Data extract:
= Beginning of Section =
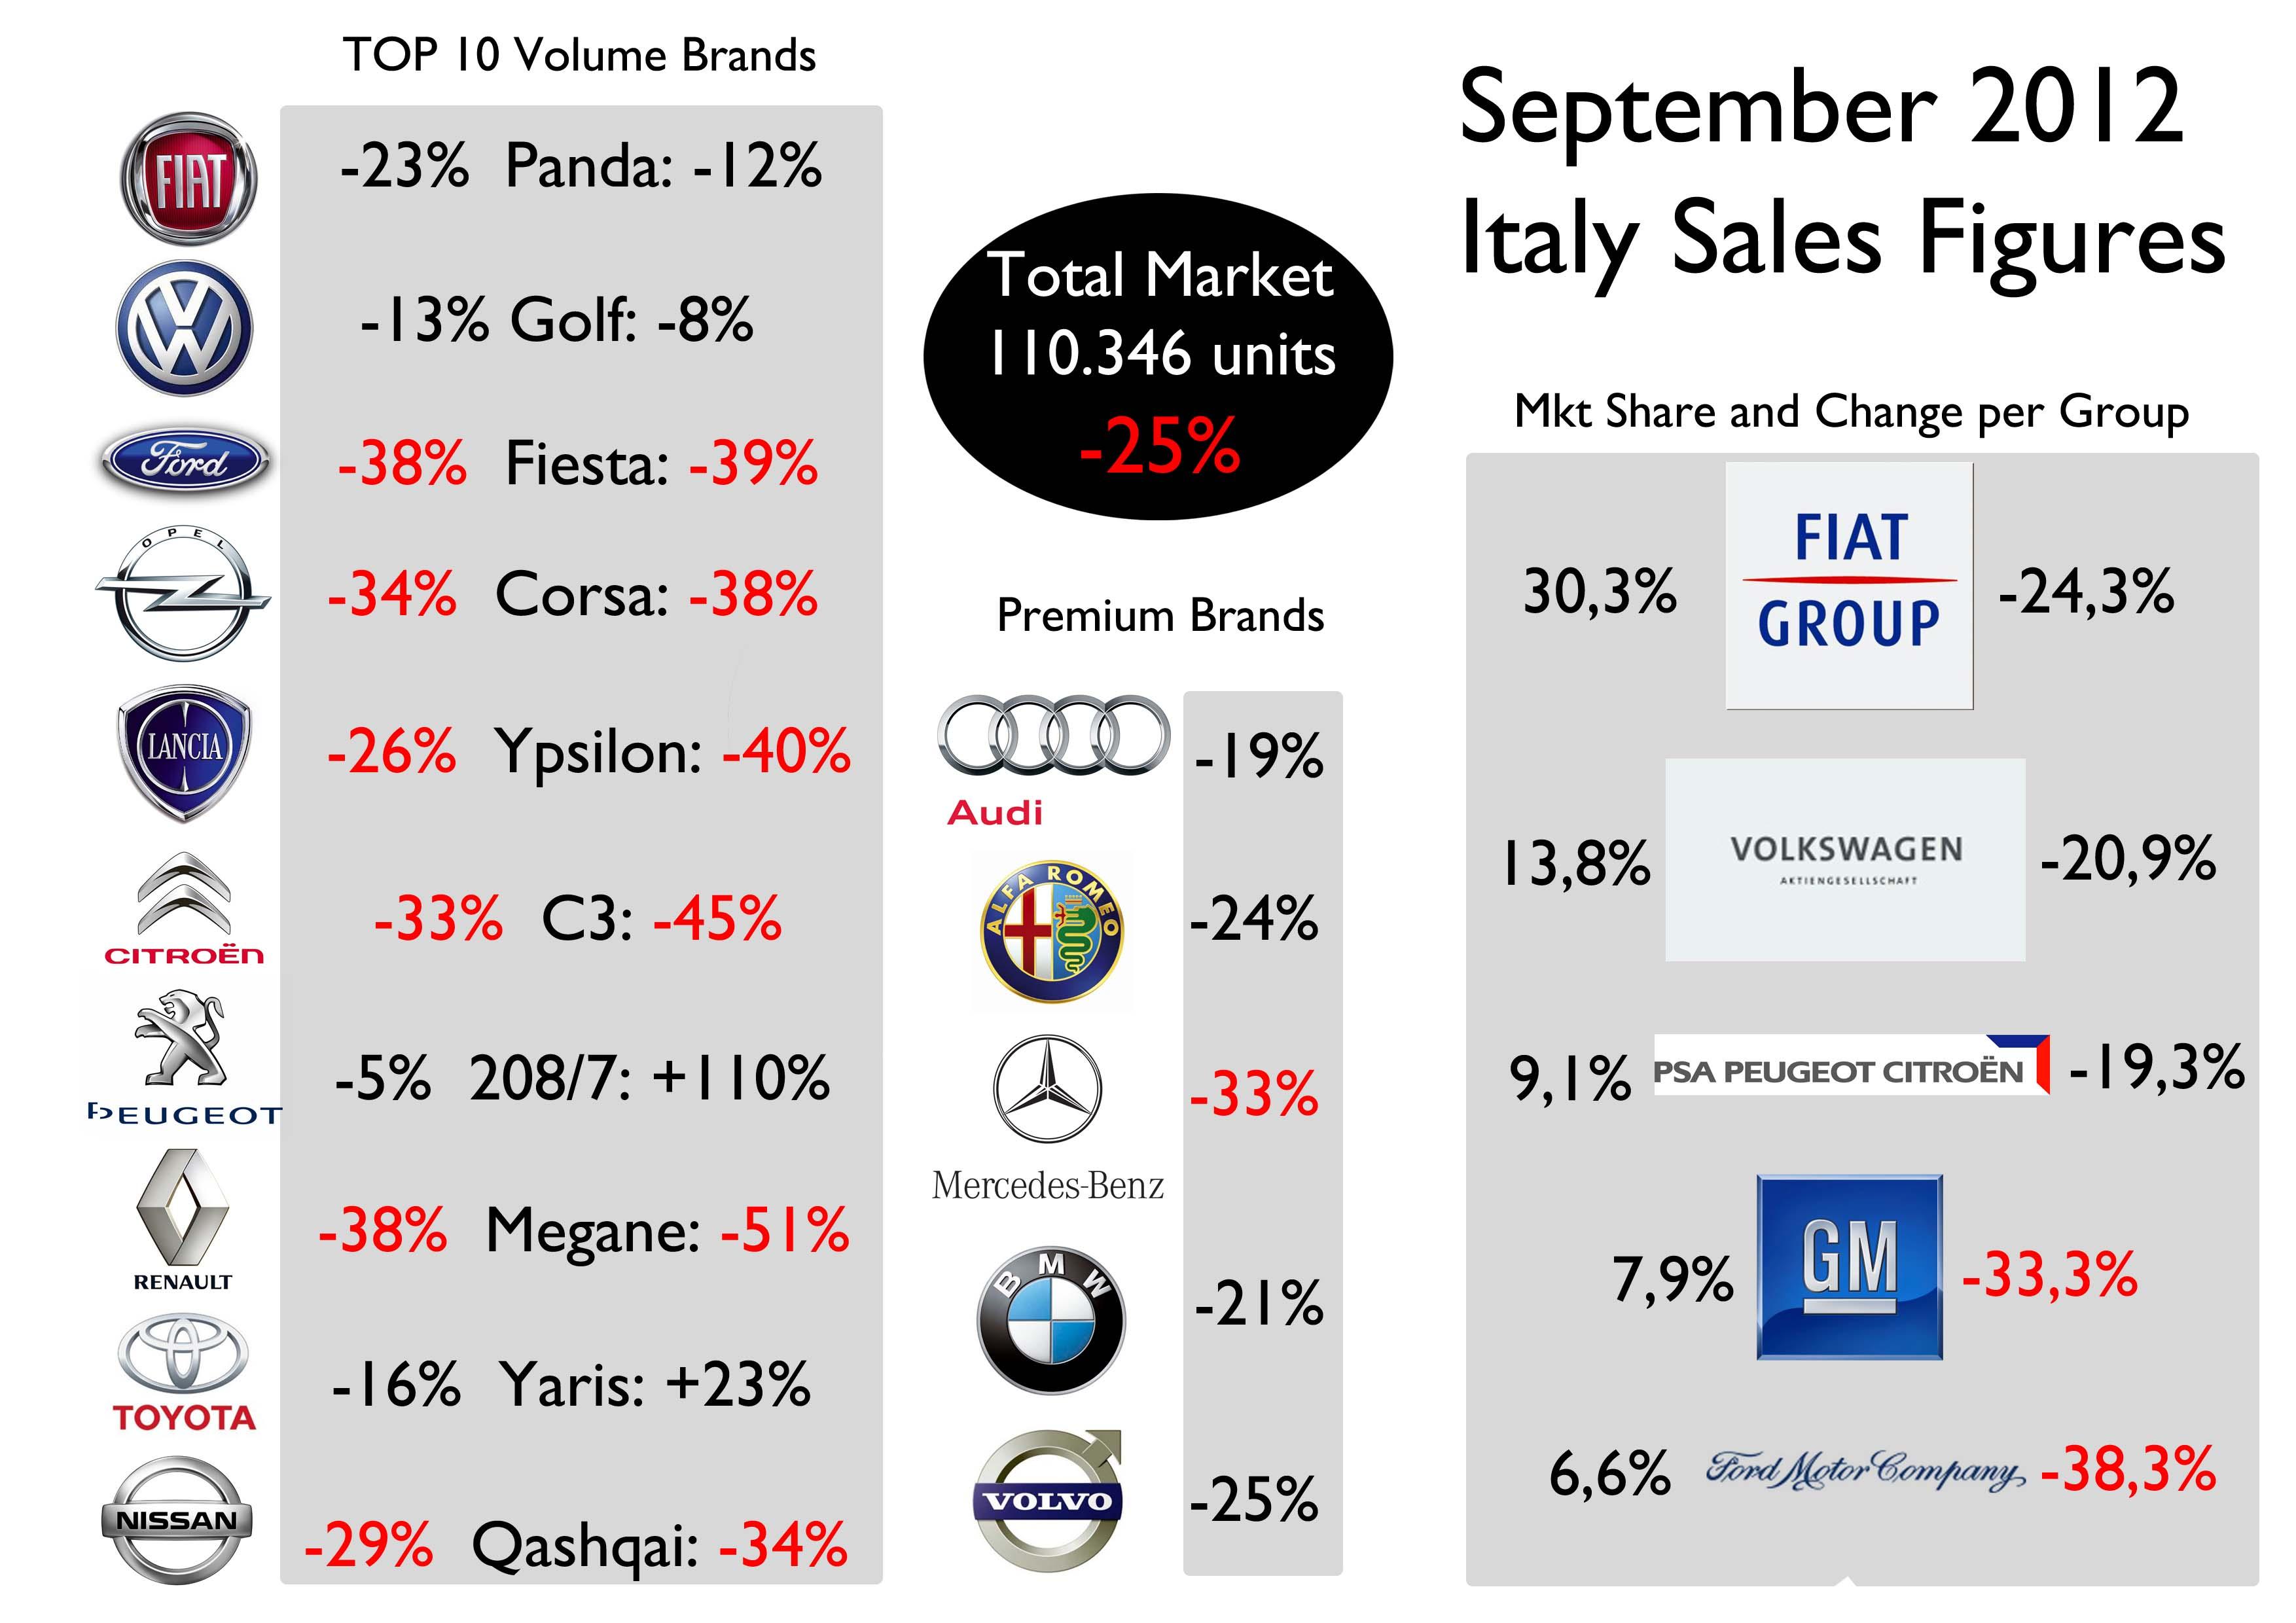 Italian car market sinks. Fiat Group down 24% | Fiat Group's World
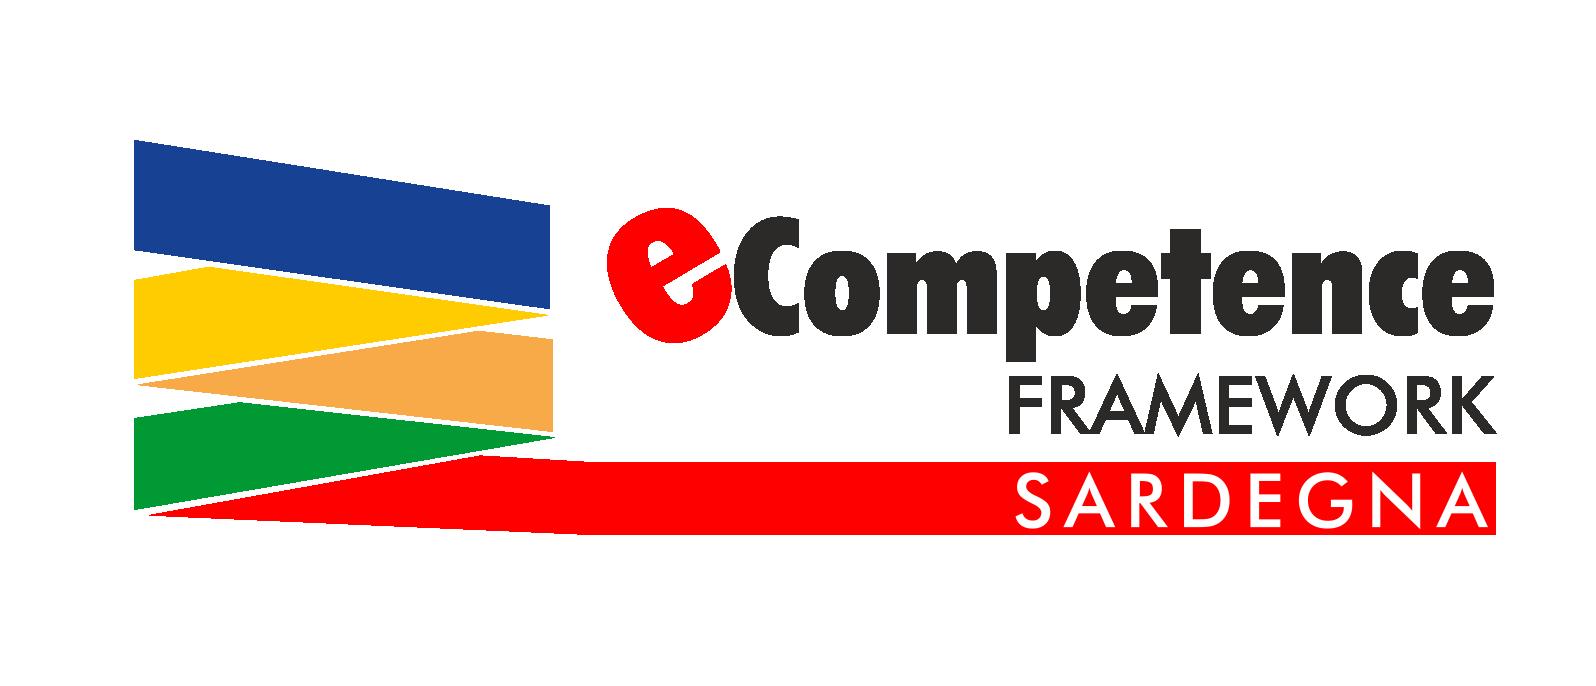 e-competence framework
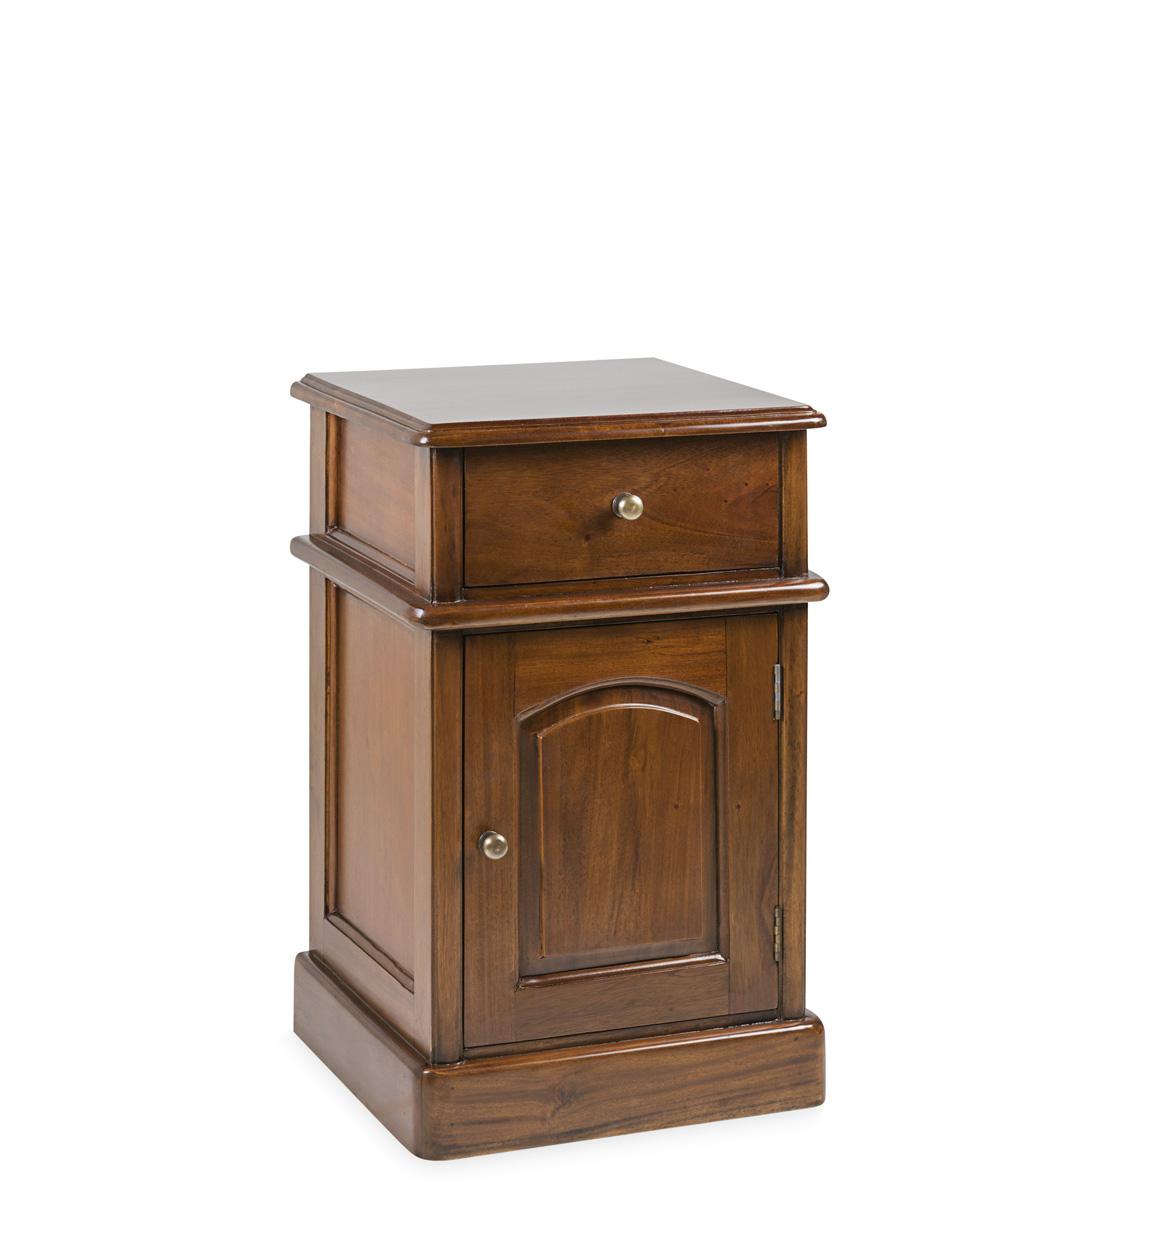 Table de chevet en bois marron
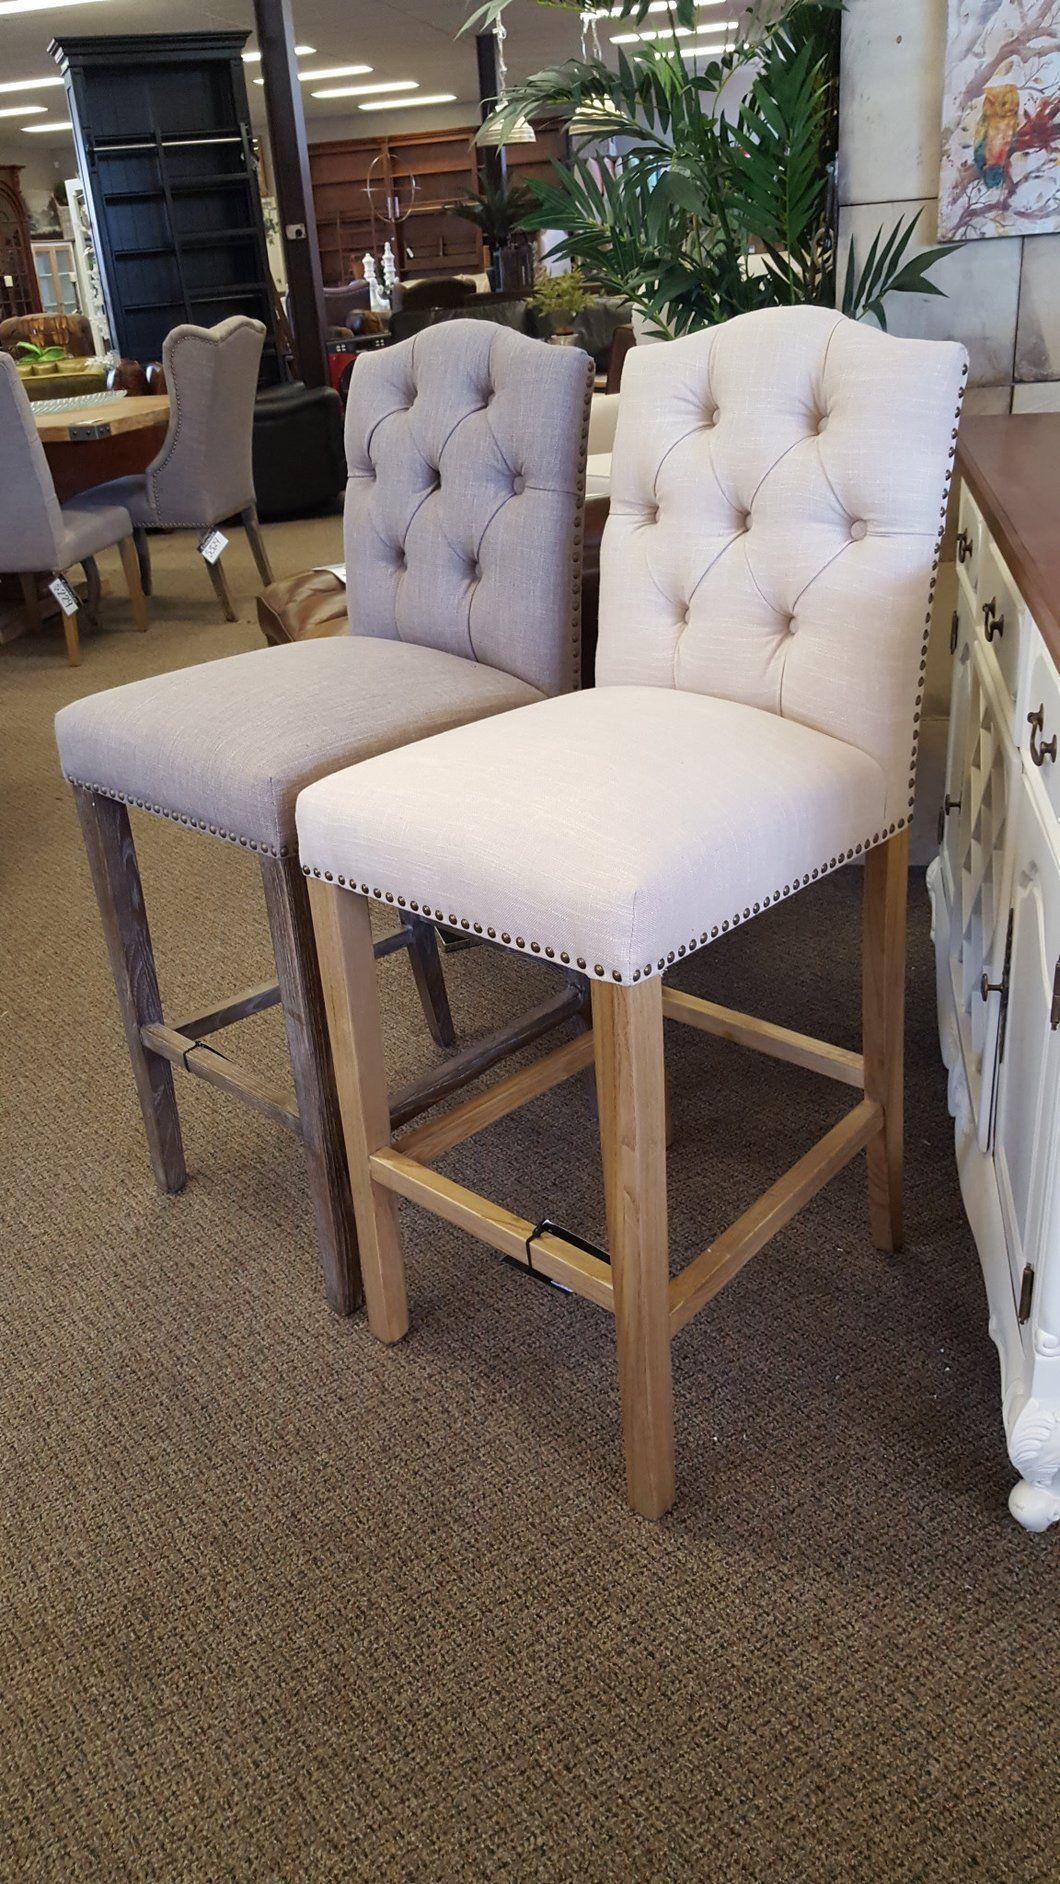 Tufted bar stools Furniture building Pinterest
= End of Section =
Requirement: Write the data out again word for word; leave the pictures behind.

Output of the exercise:
 Italian car market sinks. Fiat Group down 24% | Fiat Group's World
 e-competence framework
 Table de chevet en bois marron
 Tufted bar stools Furniture building Pinterest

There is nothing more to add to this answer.